Katrina fingered the bumps on my head while I went to work. First impressions had been right; she talked through the entire orgasm.
***
After Katrina’s final yelp I drove down to the interstate and checked into the Ramada Inn to take a shower. Signed myself in as F. S. Fitzgerald. When you carry cash you can do that kind of stuff. I stretched my shirt, jeans, and boxers on the air-conditioning/heating vents and turned the fan to high. My clothes might smell, but at least they’d be dry and that was the best I could do. Shannon and Gus would notice if I bought a shirt and came home wearing something I didn’t go out in. The instinct to notice changes gives women a tremendous advantage over men.
After the shower I lay on the bed and watched Phil Donahue interview a Type A personality in a suit. Even with the sound off, I didn’t like the man. I rolled onto my back, covered my face with a pillow, and considered Katrina. Like most fireballs, she was insecure, and what she wanted wasn’t that hard to give—in fact, it was fun to give—but the relationship was deeply flawed: She didn’t like me and I didn’t particularly like her.
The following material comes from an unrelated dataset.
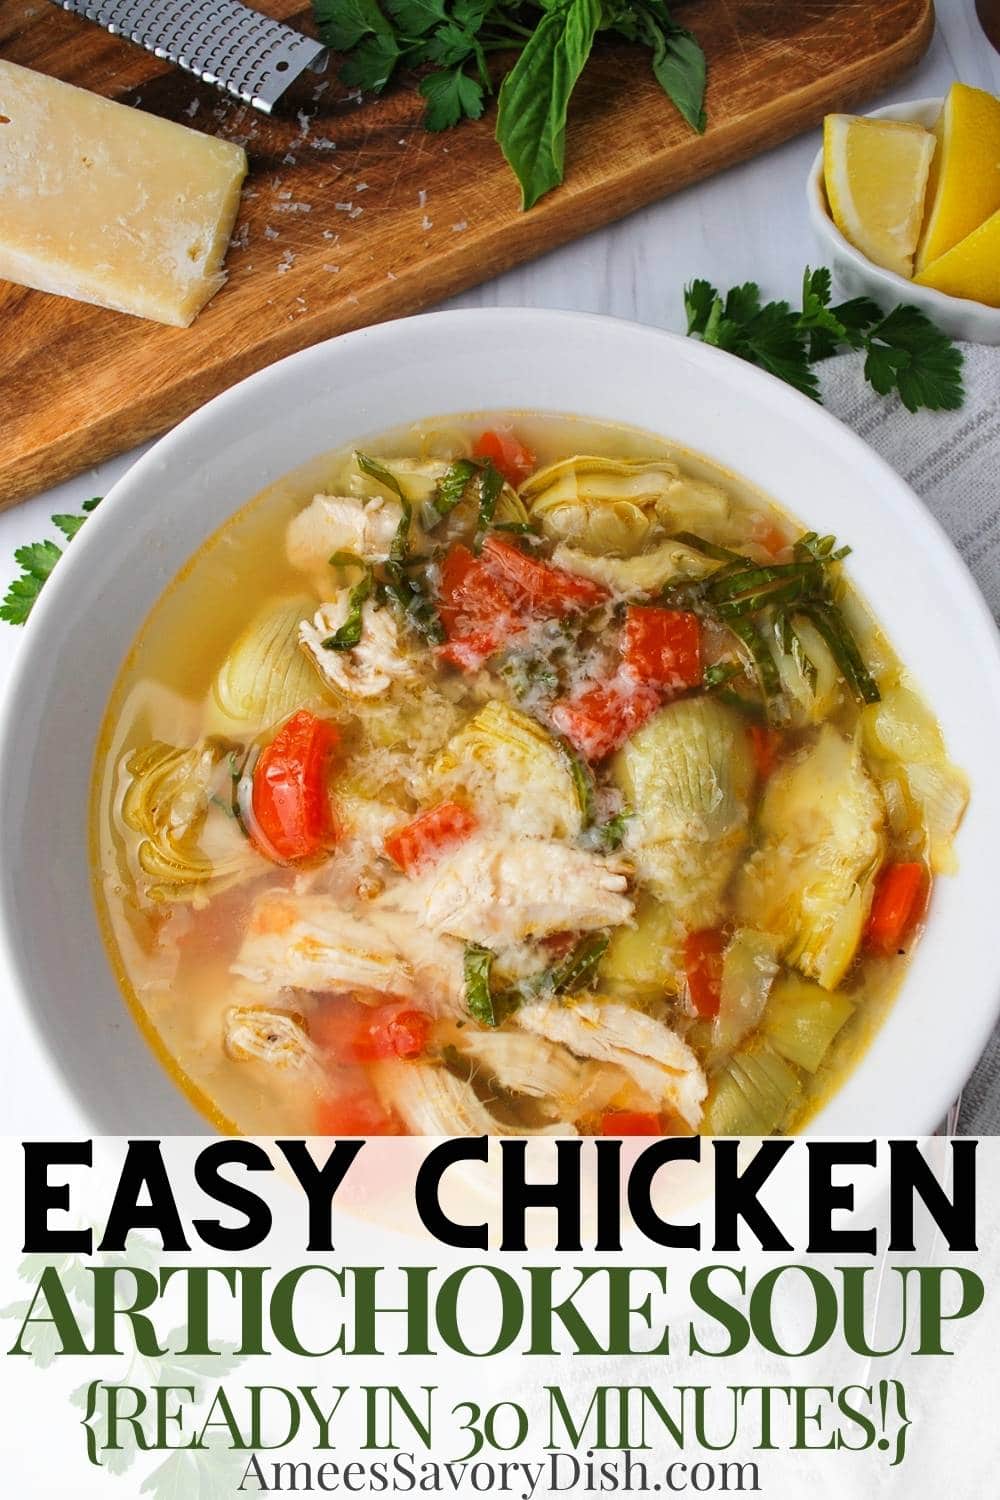 This quick and easy broth-based chicken artichoke soup is delicious, high protein, and ready in 30 minutes or less! via @Ameessavorydish

So why should I go crawling around between her thighs when only yesterday I’d met someone good who could make a difference?
I’m sorry to say, Katrina wasn’t the first married woman who’d asked me to save her. My one God-given talent, besides Young Adult sports novels, is that I can meet any woman and tell precisely what she needs—lover, listener, friend, father, mentor, a lifelong commitment, a servant, meaningless orgasms, a confidante, or nothing whatsoever—but my God-given weakness is I feel a compulsion to fill needs wherever I find them, regardless of consequences.
Filling each need you come upon causes conflict. You can’t commit for life to every woman who needs a lifelong commitment in order to be whole. There’s too many of them; besides, when I tried with Wanda, it didn’t work. And you sure as hell shouldn’t give meaningless orgasms to one woman while hoping to be all of the above with another.
So—bottom line—Katrina had to go. No more sauna sex. She could cry about her low self-image till doomsday, I wasn’t going to build her up at the risk of losing something I wanted. For a change.
I checked out two hours after checking in. The desk clerk gave me a look, but I didn’t care. I had resolve.